Our empirical strategy has been the following. For each specification, static (fixed-effects, random-effects, and pooled ordinary least squares (OLS)) and dynamic (GMM; Anderson and Hsiao, 1982) panel data models have been estimated.18 For static models, the appropriateness of the random-effects specification has been tested by the Hausman test, together with a test of serial correlation in idiosyncratic error terms (Wooldridge, 2002; and Drukker, 2003). In a dynamic setup, we have used a one-step GMM estimator, which generally tends to be less biased in small samples than the two-step estimator and outperforms the latter in macroeconomic applications (Judson and Owen, 1999; and Lusinyan, 2005). The two-step estimator has, however, been used for robustness checks, along with the LSDV estimator with the Kiviet’;s (1995) correction. The one-step estimations have been implemented using first-difference and system GMM estimators, with standard errors assumed to be both robust and nonrobust to general heteroscedasticity over individuals and over time. The results have also been checked by using different sets of GMM instruments. Although the GMM procedure of Arellano and Bond (1991) implies using all lagged values as instruments, Judson and Owen (1999) argue that a “restricted GMM,” with a reduced number of values of the lagged dependent variables and exogenous regressors used as instruments, does not substantially affect the performance of this technique.19 Finally, robustness of the results to the exclusion of some countries from the sample as well as restricting the dependent variable to short- or long-term sickness absences have been checked.

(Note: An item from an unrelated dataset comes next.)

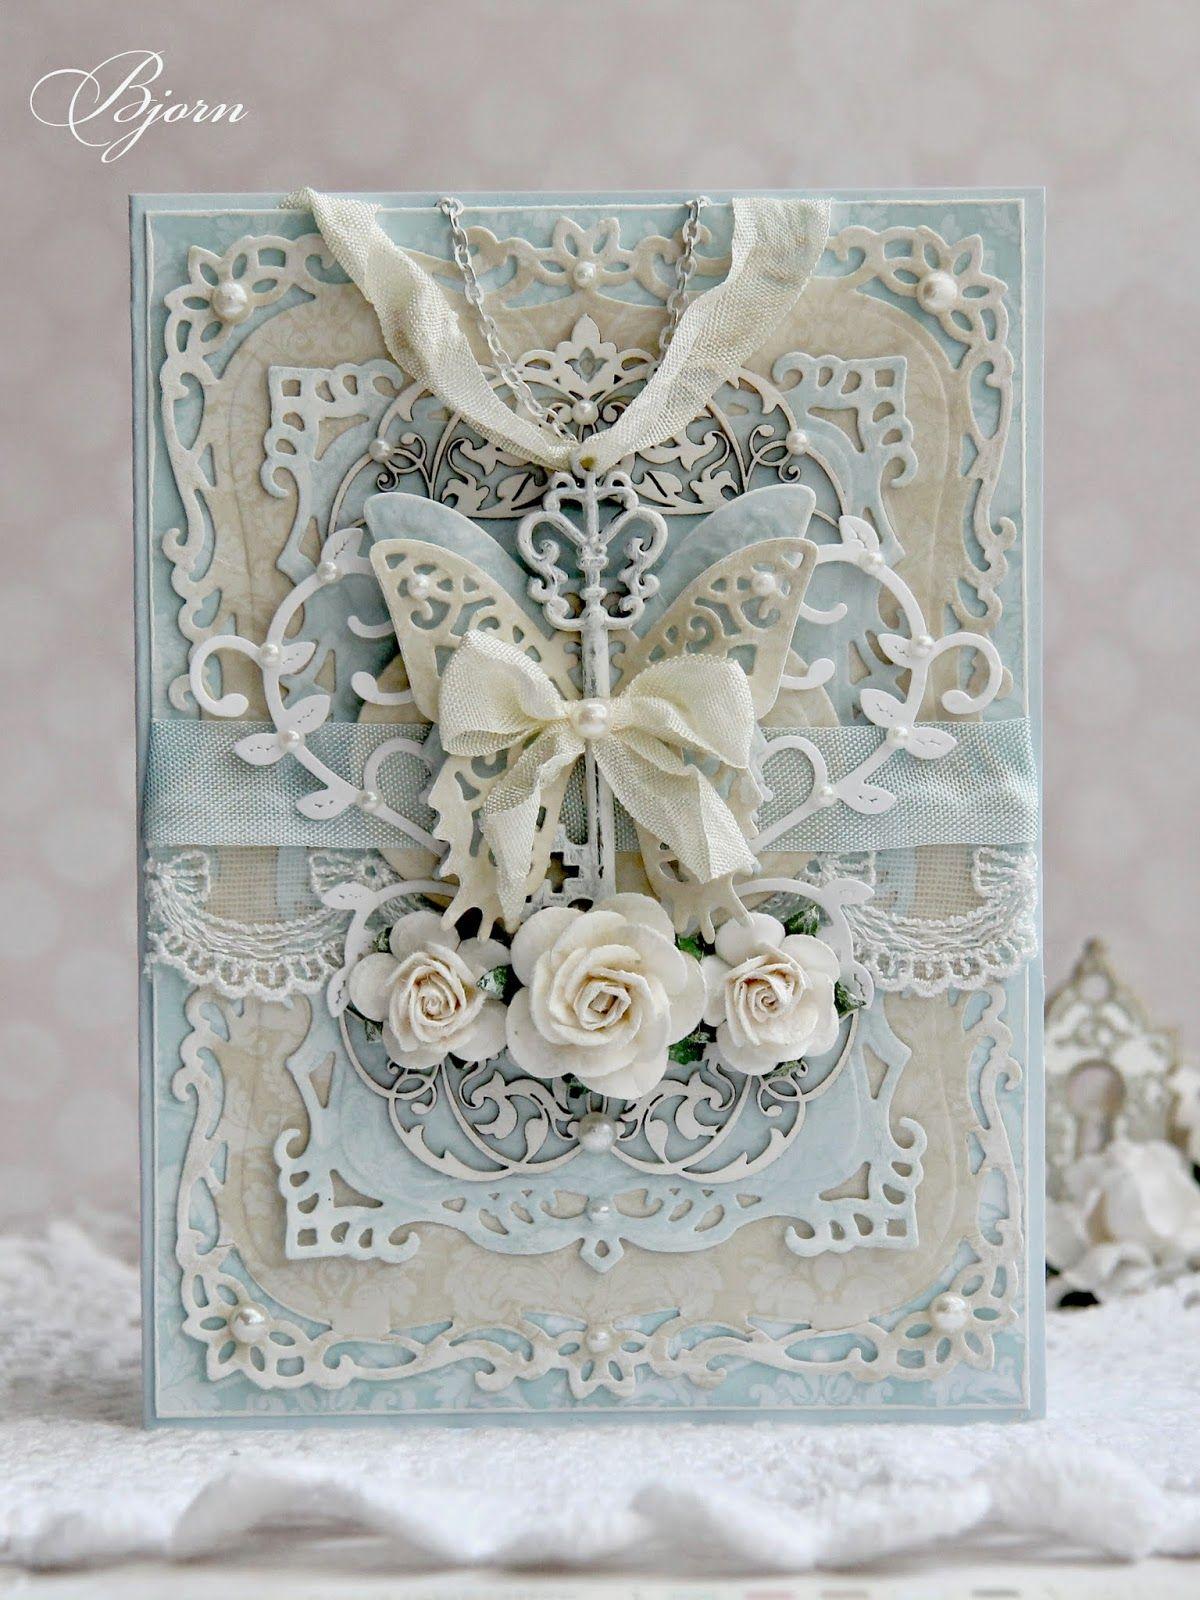 Pin by ronnel swetlik on cards shabby vintage pinterest flower

Before presenting the main results, it is worth discussing endogeneity. In a static setup, some covariates, such as the demographic variables (labor force participation rate, age structure of the labor force, and health status) can be assumed as given by construction for the sickness absence behavior in a certain year.20 When we have a choice between alternative measures for the same determinant, such as the share of part-time employment and absence because of a flexible working-time arrangement, we do not use the variable, which is likely to be endogenous by construction (for example, in this case, the share of people absent because of a flexible working-time arrangement). The section on the robustness analysis discusses the findings from exogeneity tests, particularly for the usual hours of work and sickness insurance characteristics. With little evidence to support the endogeneity of these covariates by the data, addressing error autocorrelation and potential omitted variable bias remains a key consideration in the static setup.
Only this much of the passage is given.